## Work required
I'd like the entire listing output verbatim, apart from the pictures.

## Provided material
# # #
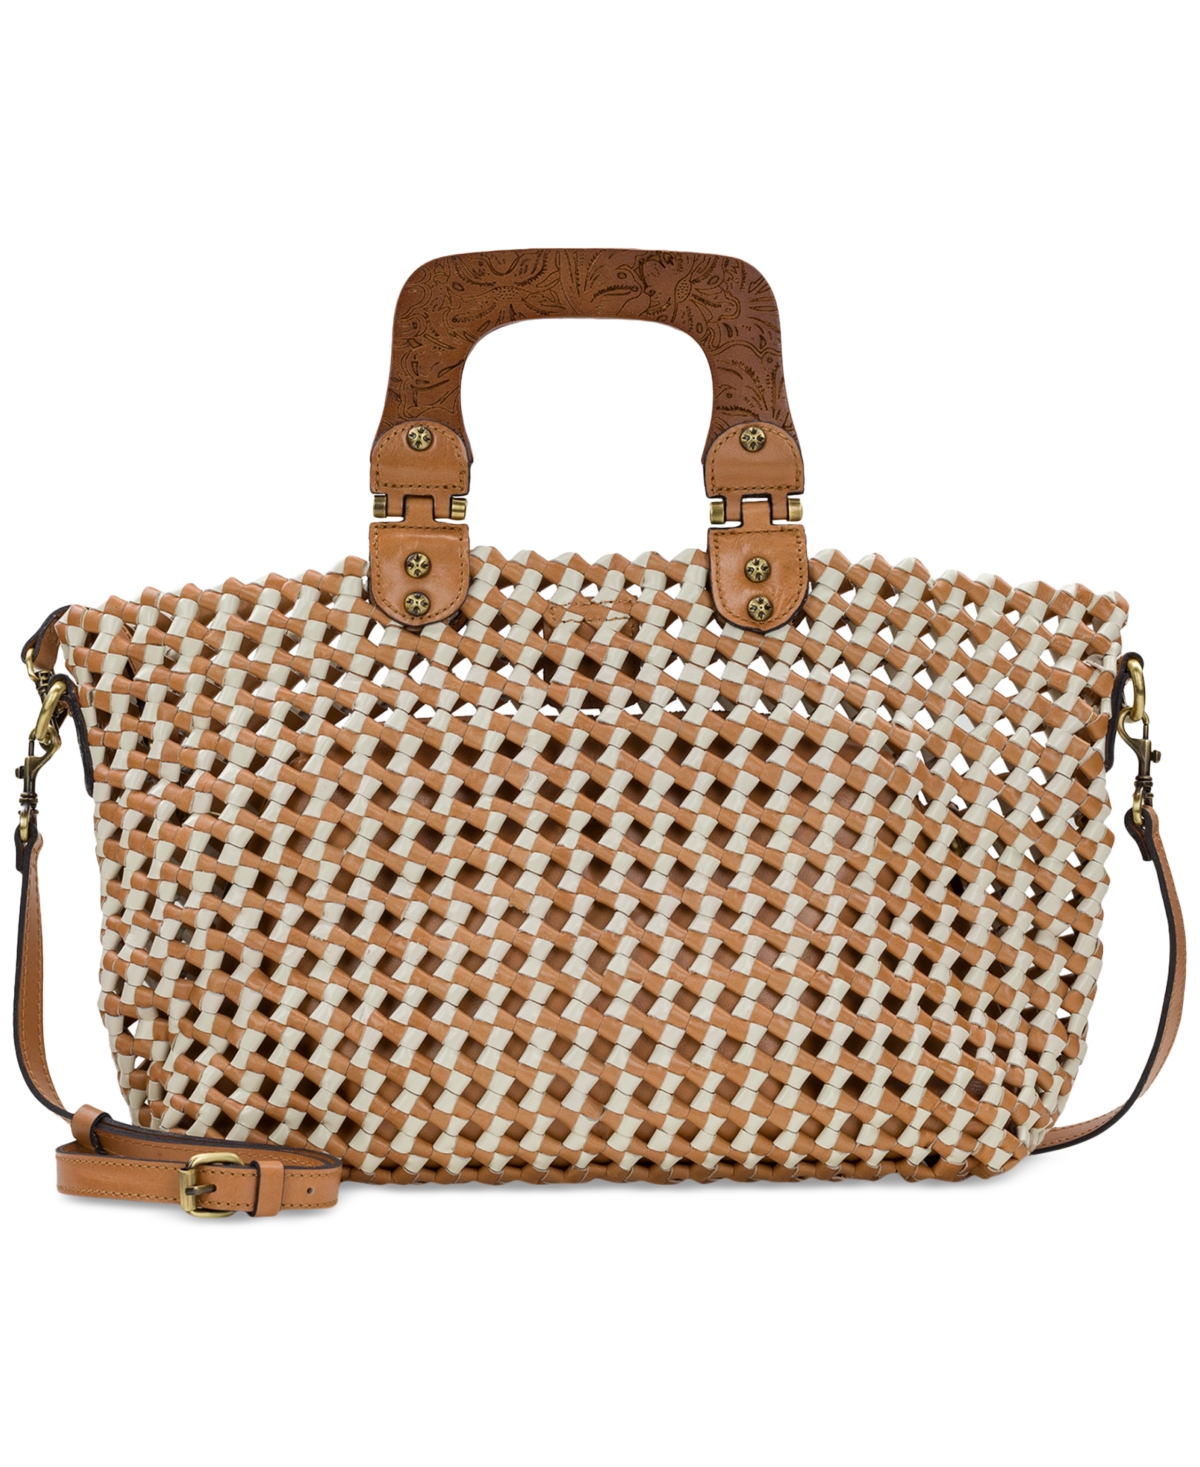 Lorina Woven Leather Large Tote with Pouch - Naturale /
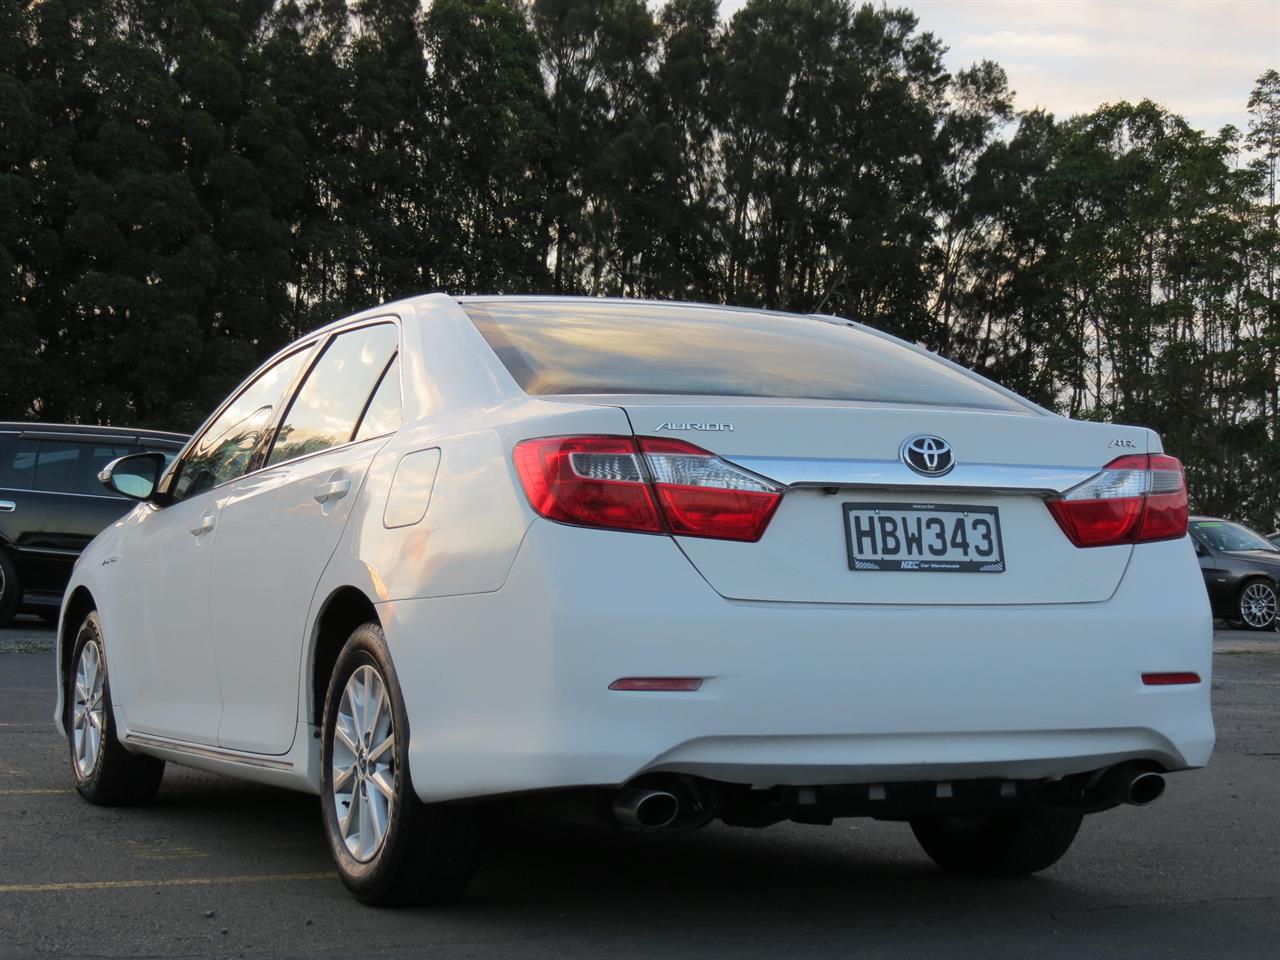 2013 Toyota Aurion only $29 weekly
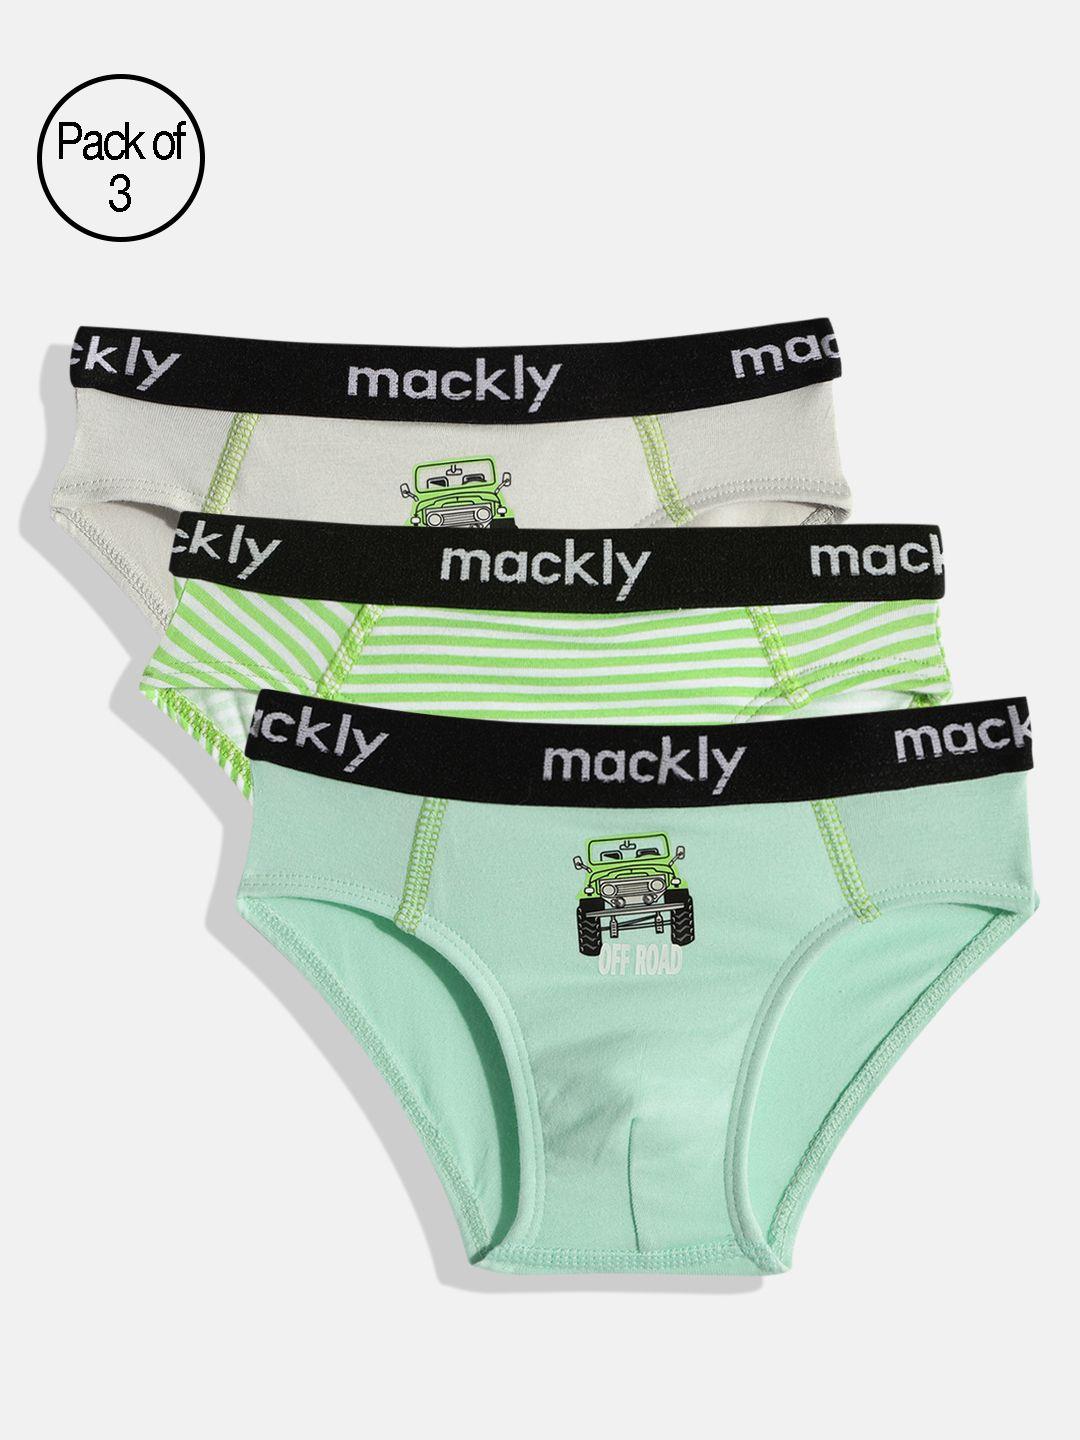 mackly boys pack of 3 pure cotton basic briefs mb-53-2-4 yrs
# # #
## Your response
 Lorina Woven Leather Large Tote with Pouch - Naturale /
 2013 Toyota Aurion only $29 weekly
 mackly boys pack of 3 pure cotton basic briefs mb-53-2-4 yrs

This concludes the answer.